= Exercise instructions =
Write out exactly the lines of the entries below from the one holding "Nike Air Max" to the one holding "Dutch Angle Shots", inclusive, and leave out all other lines.

= Material for this task =
§ §
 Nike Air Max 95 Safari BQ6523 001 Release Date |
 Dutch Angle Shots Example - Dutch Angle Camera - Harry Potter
§ §
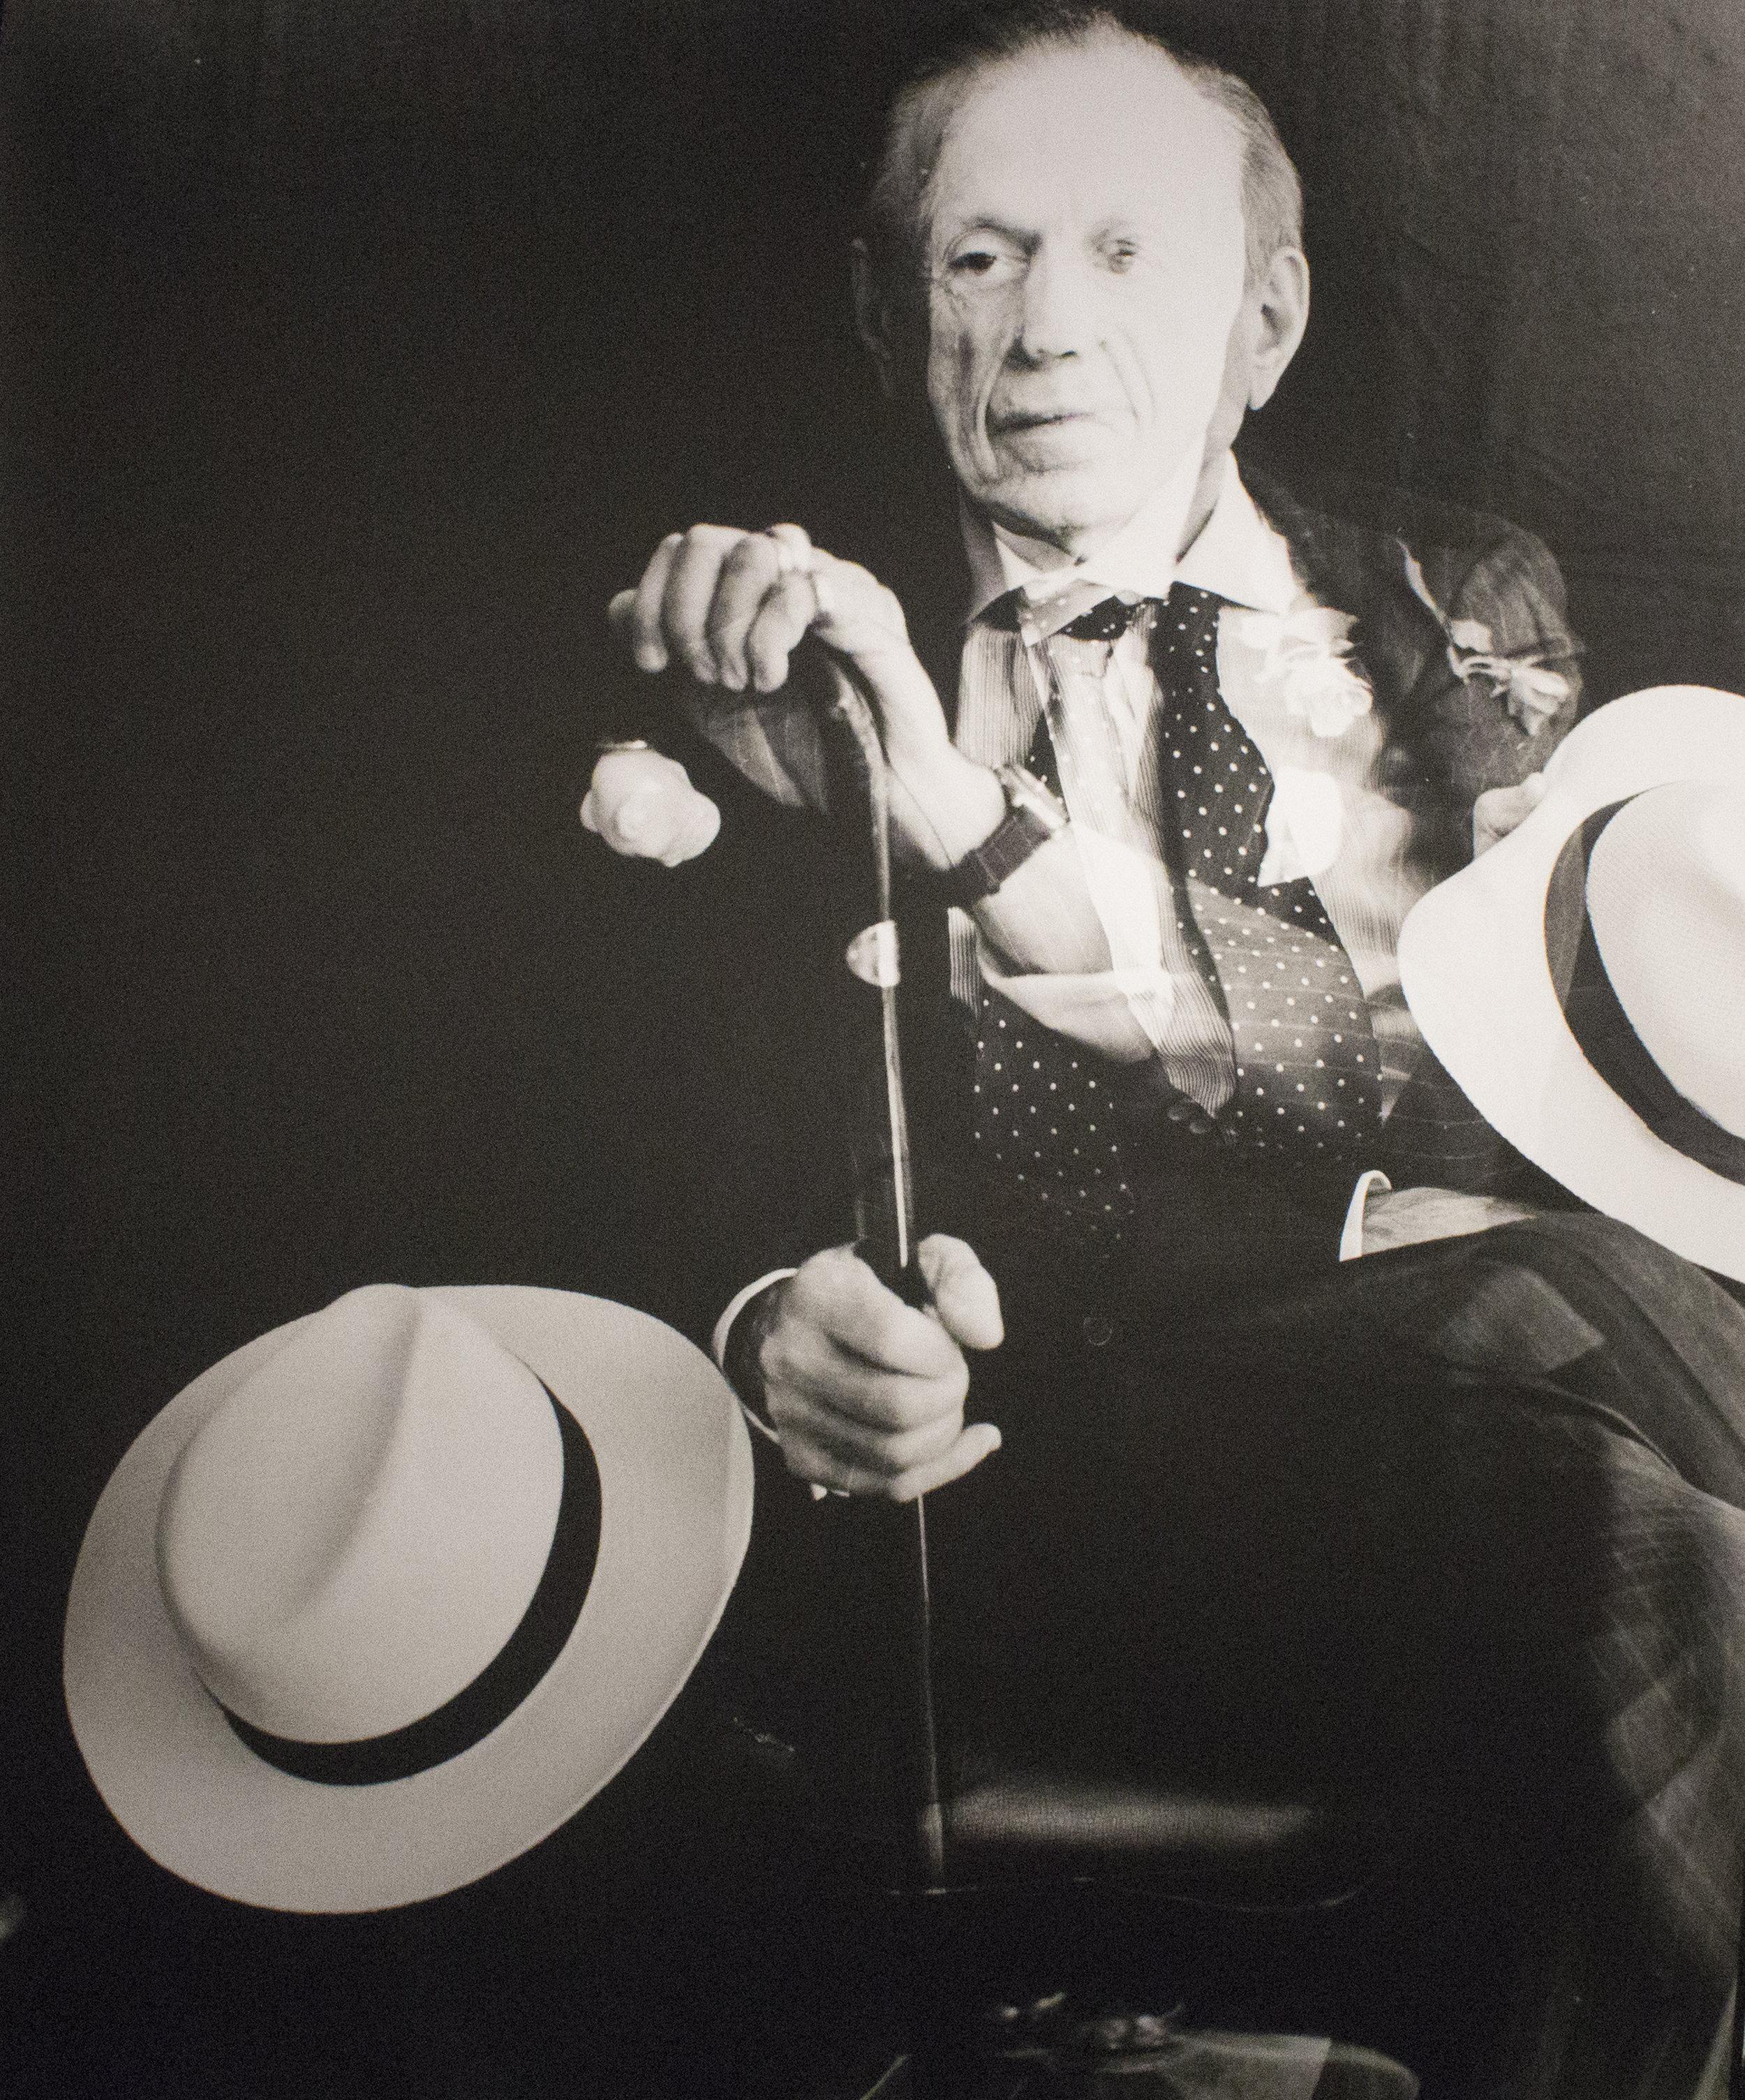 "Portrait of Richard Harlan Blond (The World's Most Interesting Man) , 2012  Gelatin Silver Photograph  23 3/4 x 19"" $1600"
§ §
= Task solution =
 Nike Air Max 95 Safari BQ6523 001 Release Date |
 Dutch Angle Shots Example - Dutch Angle Camera - Harry Potter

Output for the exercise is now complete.